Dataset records

- - -

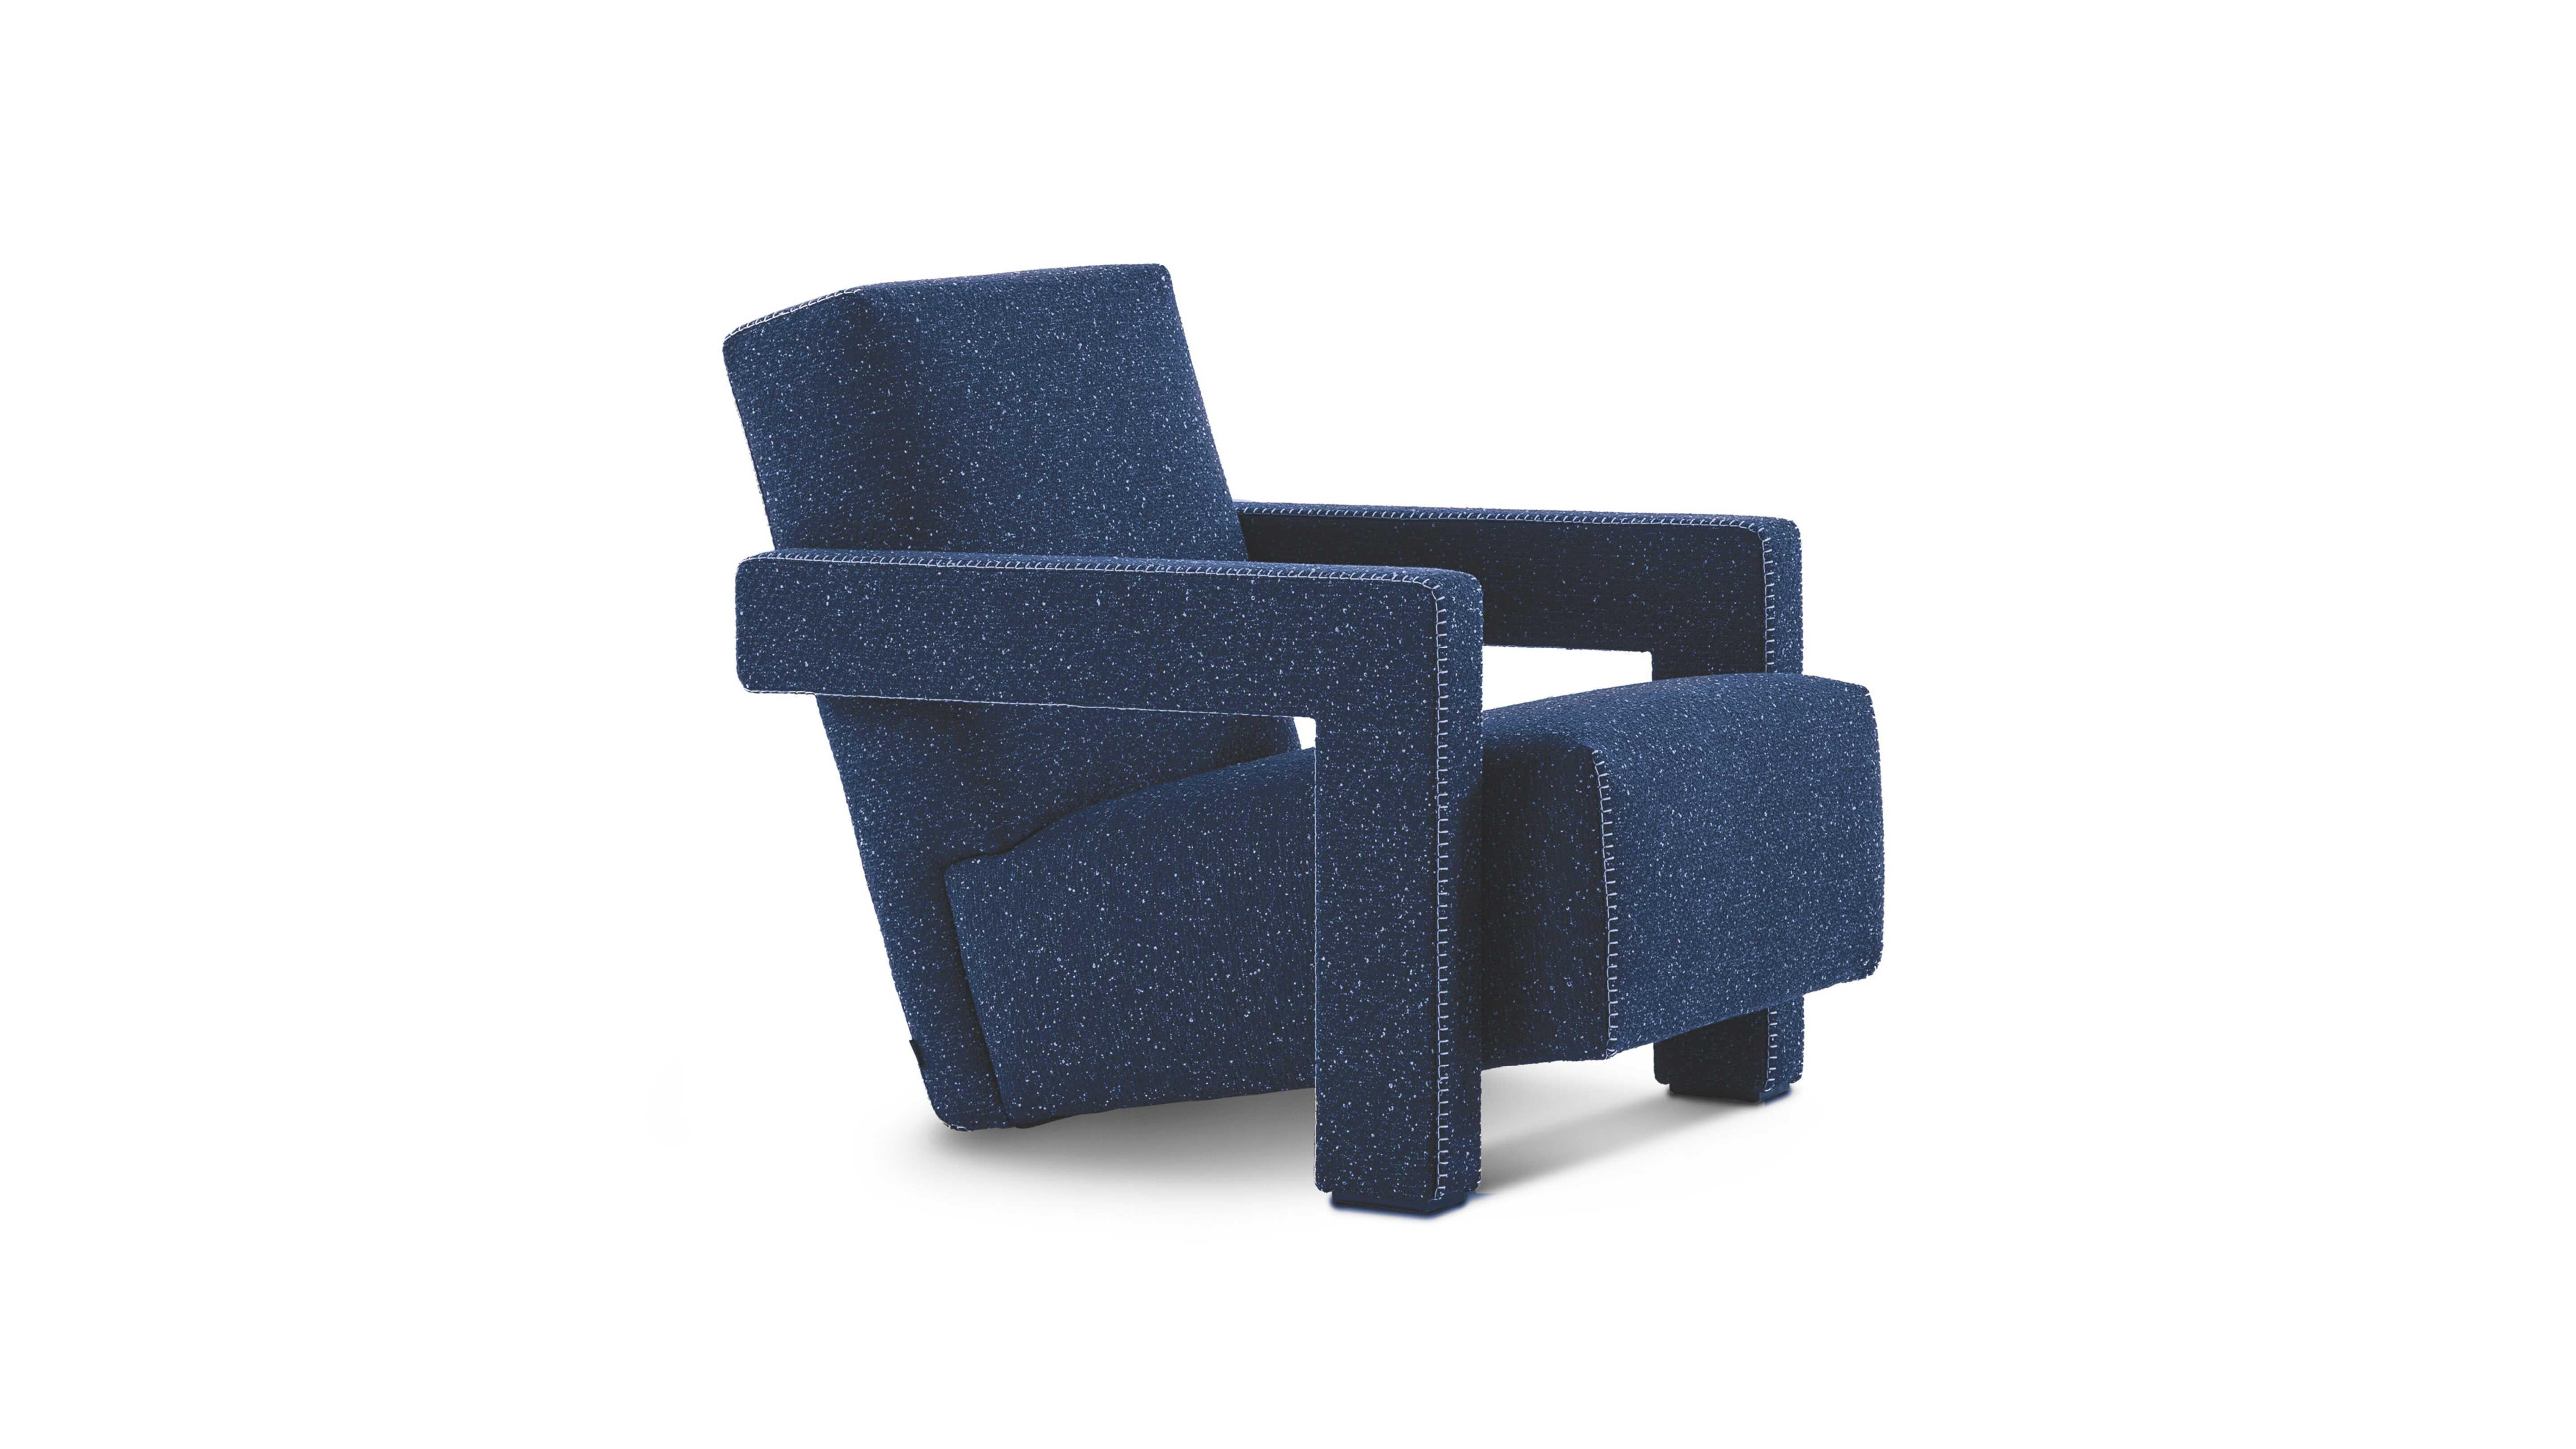 Prices vary dependent on the chosen color and size of the chair. Available in three sizes: 

Standard: 64 width, 85 depth, 70 height, 37 seat height
XL: 66 width, 89 depth, 75 height, 39 Seat height
Baby: 46 width, 57 depth, 50 height, 25 seat
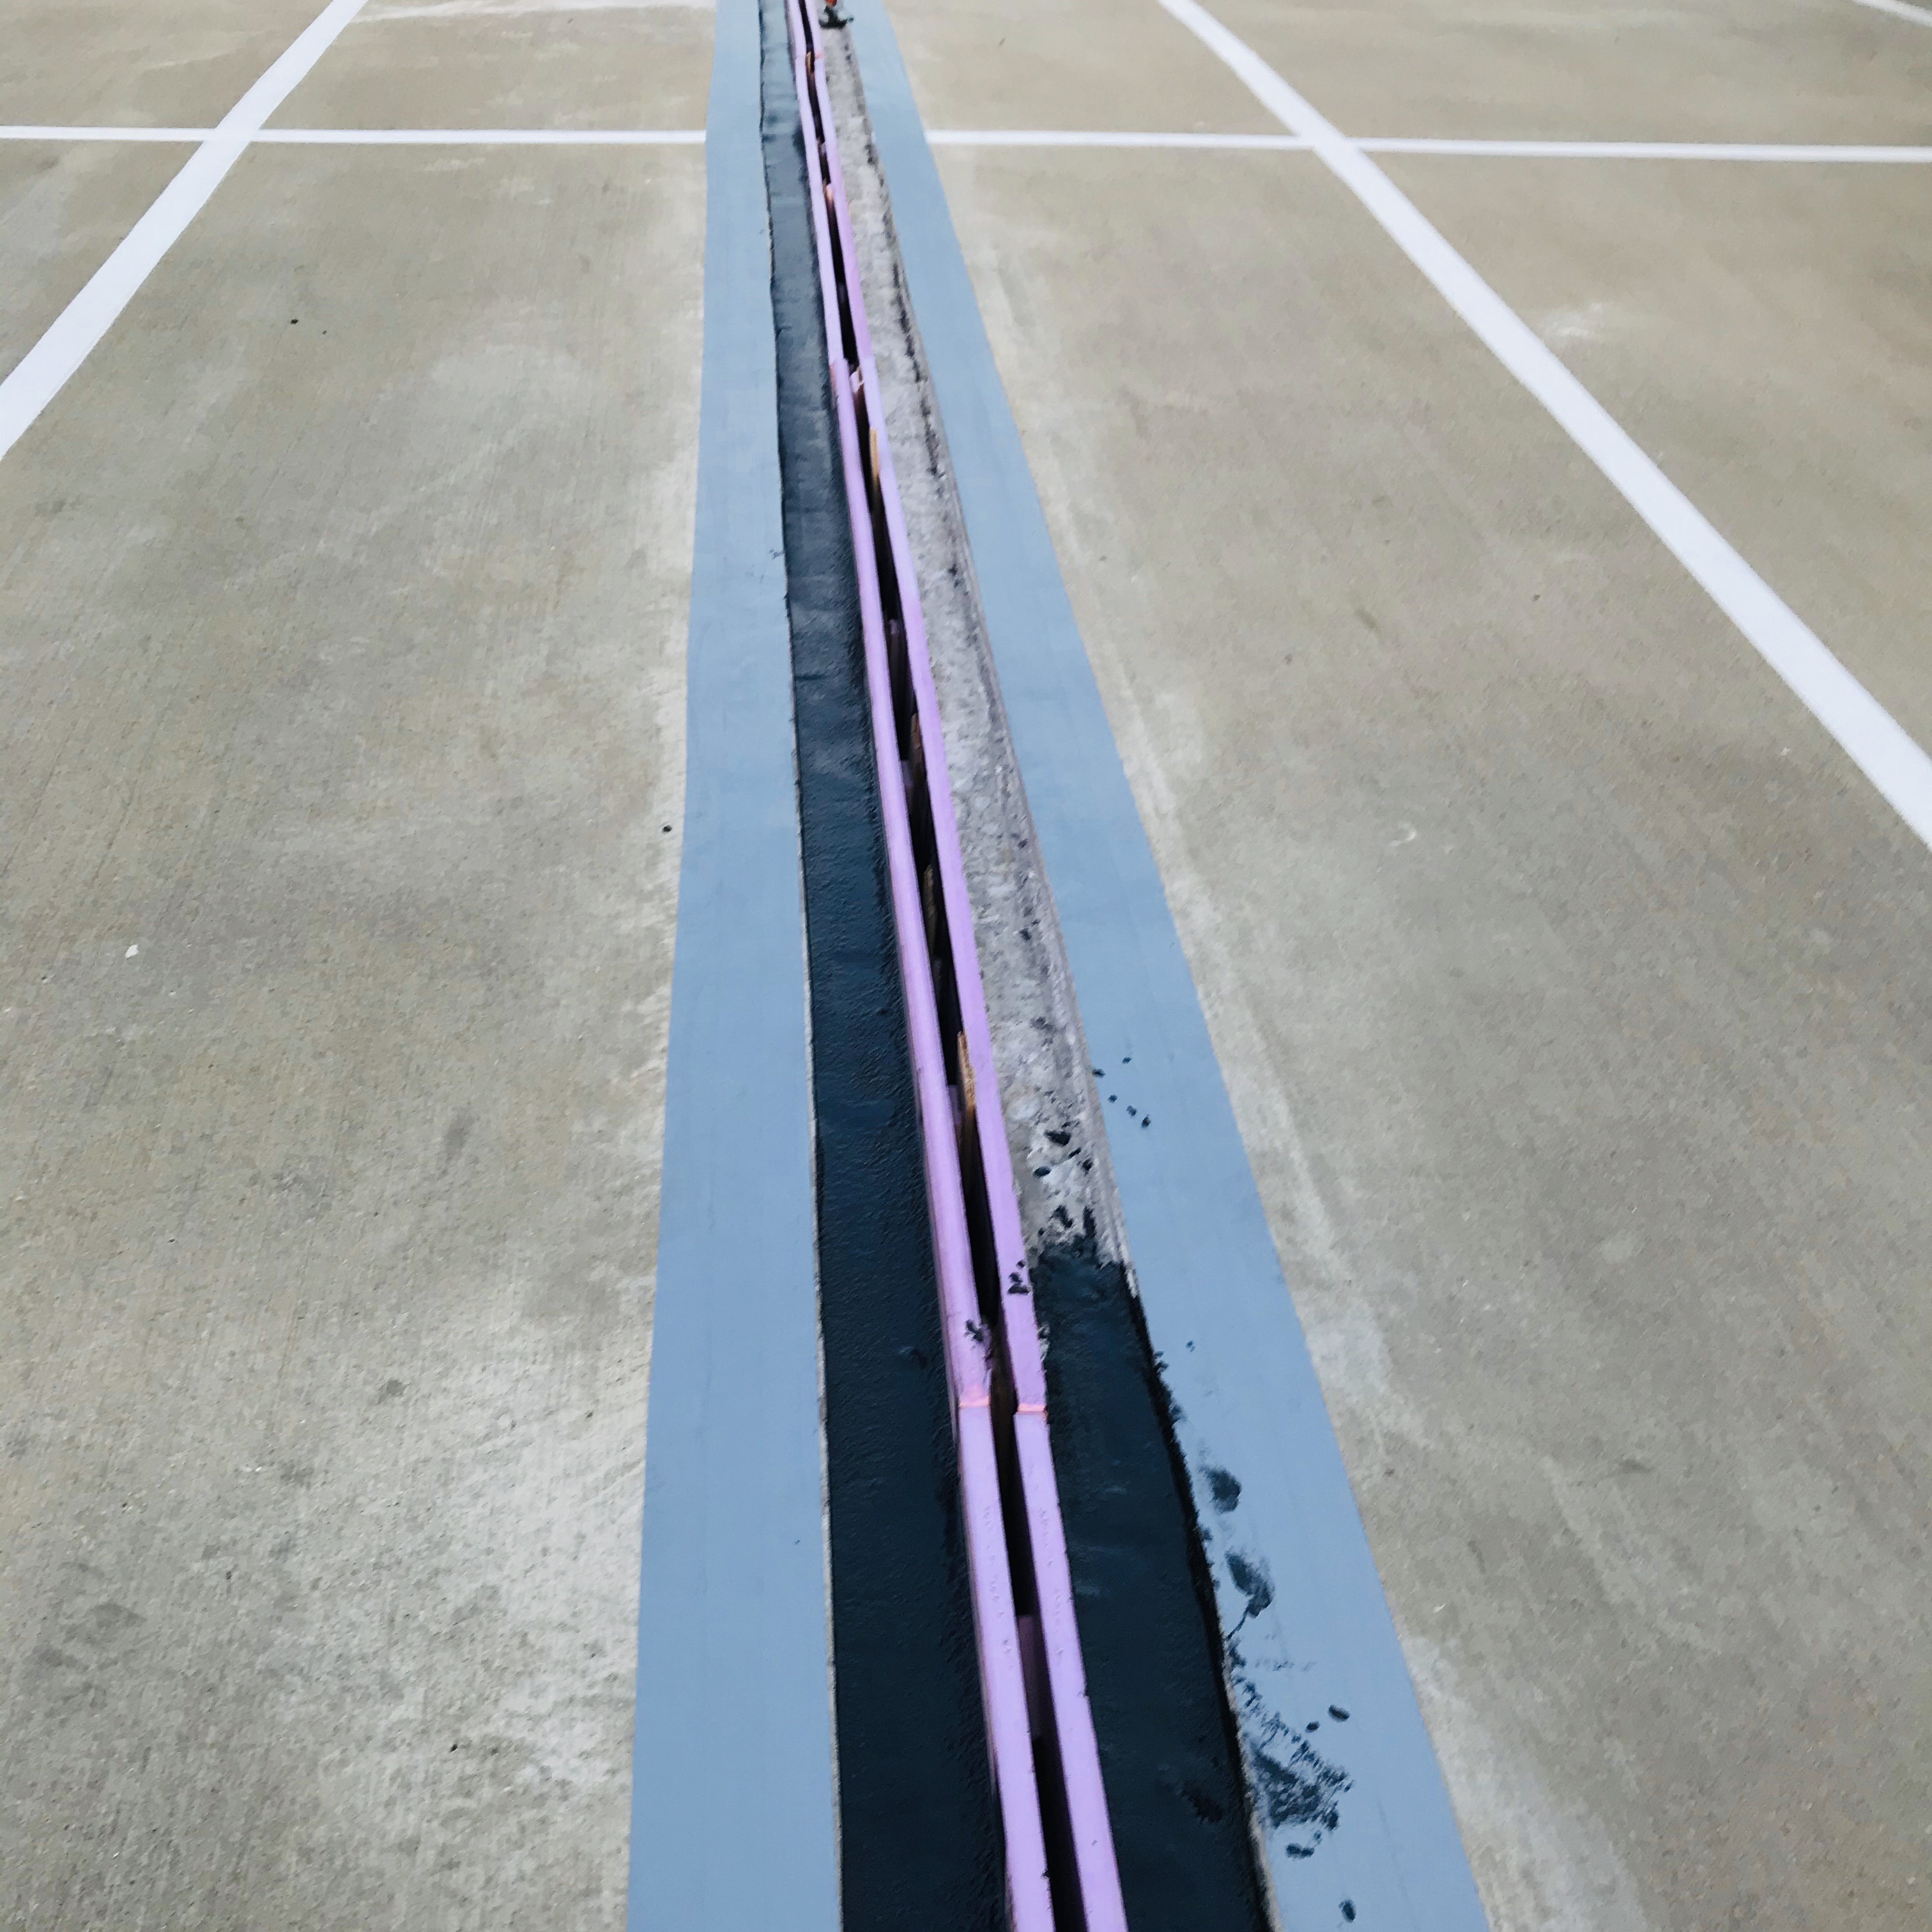 DURING Expansion Joint Repair

- - -

Retype the data exactly; images stay out.

**ANSWER SPACE:**
 Prices vary dependent on the chosen color and size of the chair. Available in three sizes: 

Standard: 64 width, 85 depth, 70 height, 37 seat height
XL: 66 width, 89 depth, 75 height, 39 Seat height
Baby: 46 width, 57 depth, 50 height, 25 seat
 DURING Expansion Joint Repair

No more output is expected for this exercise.